Of course, it is applicable only for those who do not like (like me) a military style.


----------



## Medic33

engineered? really you made a back pack or a sling bag or something.
it is not the bag it what you put in it that counts and the less you need the better off you are.
try to come up with something new like you know makes life on the move easier or solves a problem or something another bag, really?
what does this bag do that the 50 or so other bags I own don't -uh,besides carry stuff.


----------



## darsk20

Already have an EDC bag ... my son's diaper bag and it is less conspicuous than that. Thanks though.


----------



## Seneca

No thanks.


----------



## Labo de Sacs

Medic33 said:


> engineered? really you made a back pack or a sling bag or something.
> it is not the bag it what you put in it that counts and the less you need the better off you are.
> try to come up with something new like you know makes life on the move easier or solves a problem or something another bag, really?
> what does this bag do that the 50 or so other bags I own don't -uh,besides carry stuff.


Dear friends, 
It is impossible to have discussion if you did not see image, our site and movie with LeBourgeois bag. Please look it. Our bag is unique and specially engineered.

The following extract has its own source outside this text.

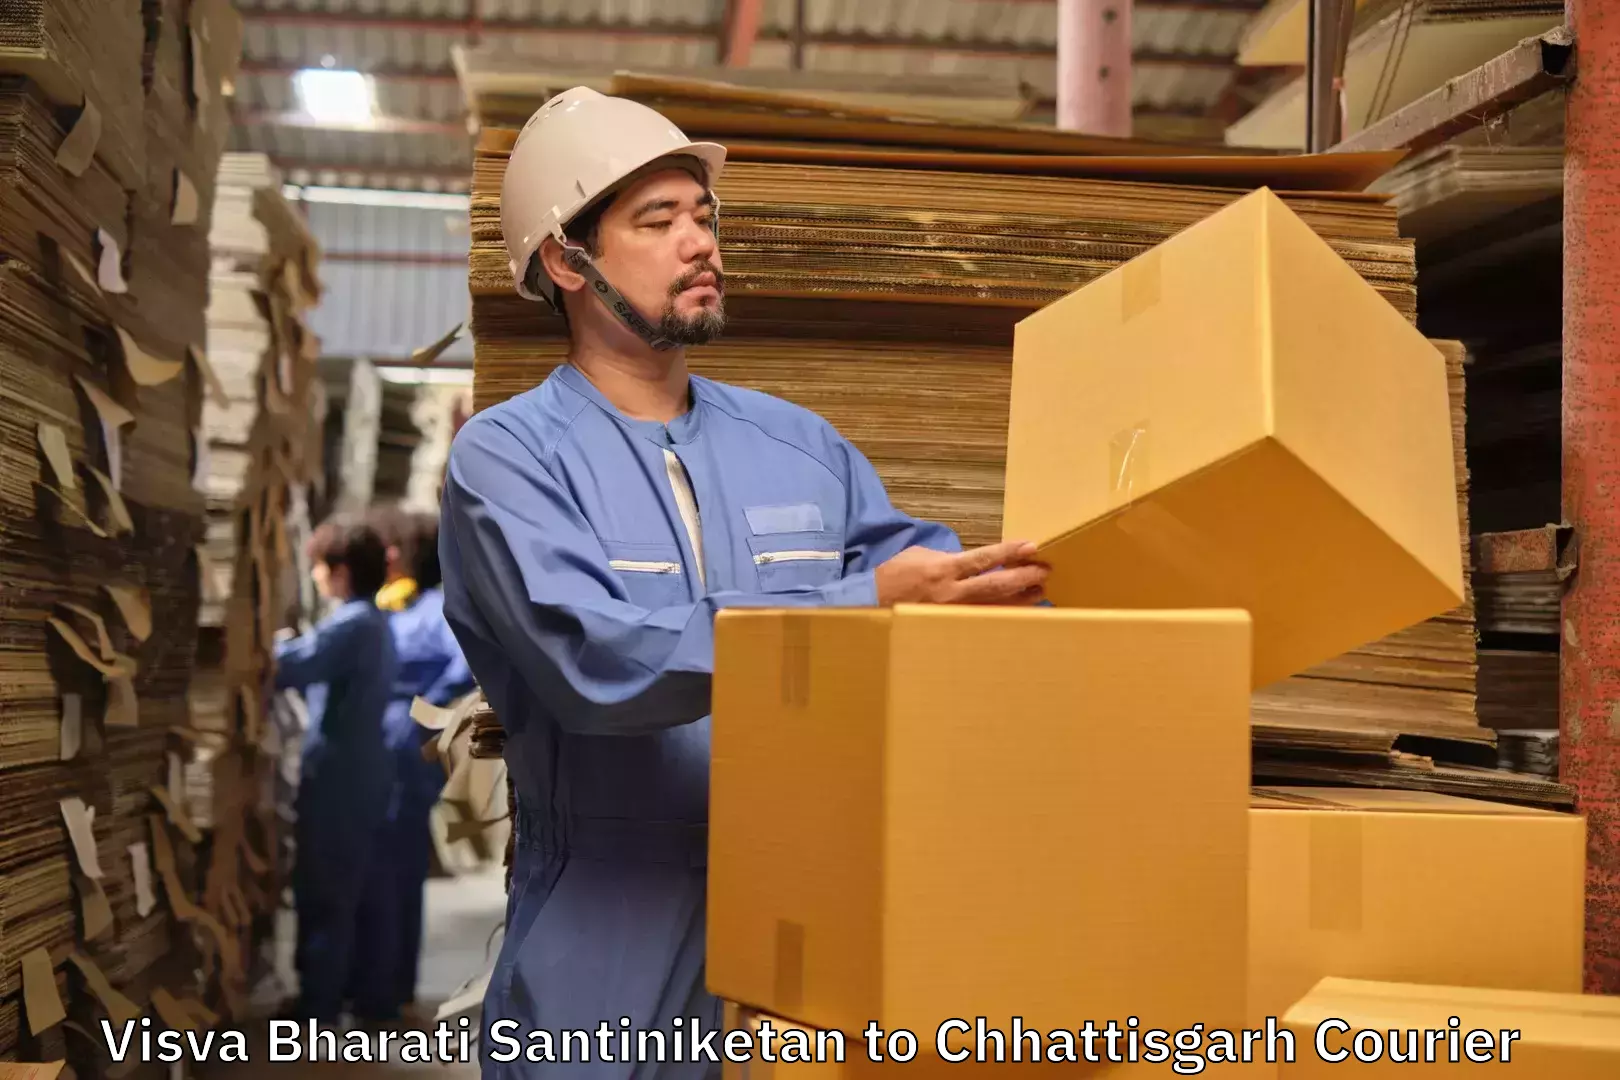 Luggage delivery app Visva Bharati Santiniketan to Korea Chhattisgarh

Did you ever see double-sided colored urban EDC bags?? One side (black color) is for carrying in city, whereas another side (woodland camo) is for carrying in parks or in any other green zones. Do you have such bags among yours 50 bags? I am sure that you did not see this bag construction before.

All fittings (12 d-rings, oval) on LeBourgeois pochette are custome made from Titanium. Do you have any urban EDC bag with Titanium fittings?? NO. 
There are many other new original details in LeBourgeois bag.


----------



## Medic33

no they have steel or polymer D rings and most have mole loops too so I can add or subtract various bags or stick them all together to make a monster bag can yours do that? -so like what is so special about a two sided - 2 colored reversible bag ? it has been done before only one sde s a drab color the other is bright orange for signaling help. black works in the woods just fine, camo works in the city just fine.
look I m sure your bag is cool, but don't try to reinvent sliced bread and tell me you came up with something new.


----------



## Auntie

The first role of marketing is to know your customer. You obviously did not do any research on the people in this forum if you think you can come in and start marketing your bags. Get to know people then do your sales pitch.


----------



## Labo de Sacs

Auntie said:


> The first role of marketing is to know your customer. You obviously did not do any research on the people in this forum if you think you can come in and start marketing your bags. Get to know people then do your sales pitch.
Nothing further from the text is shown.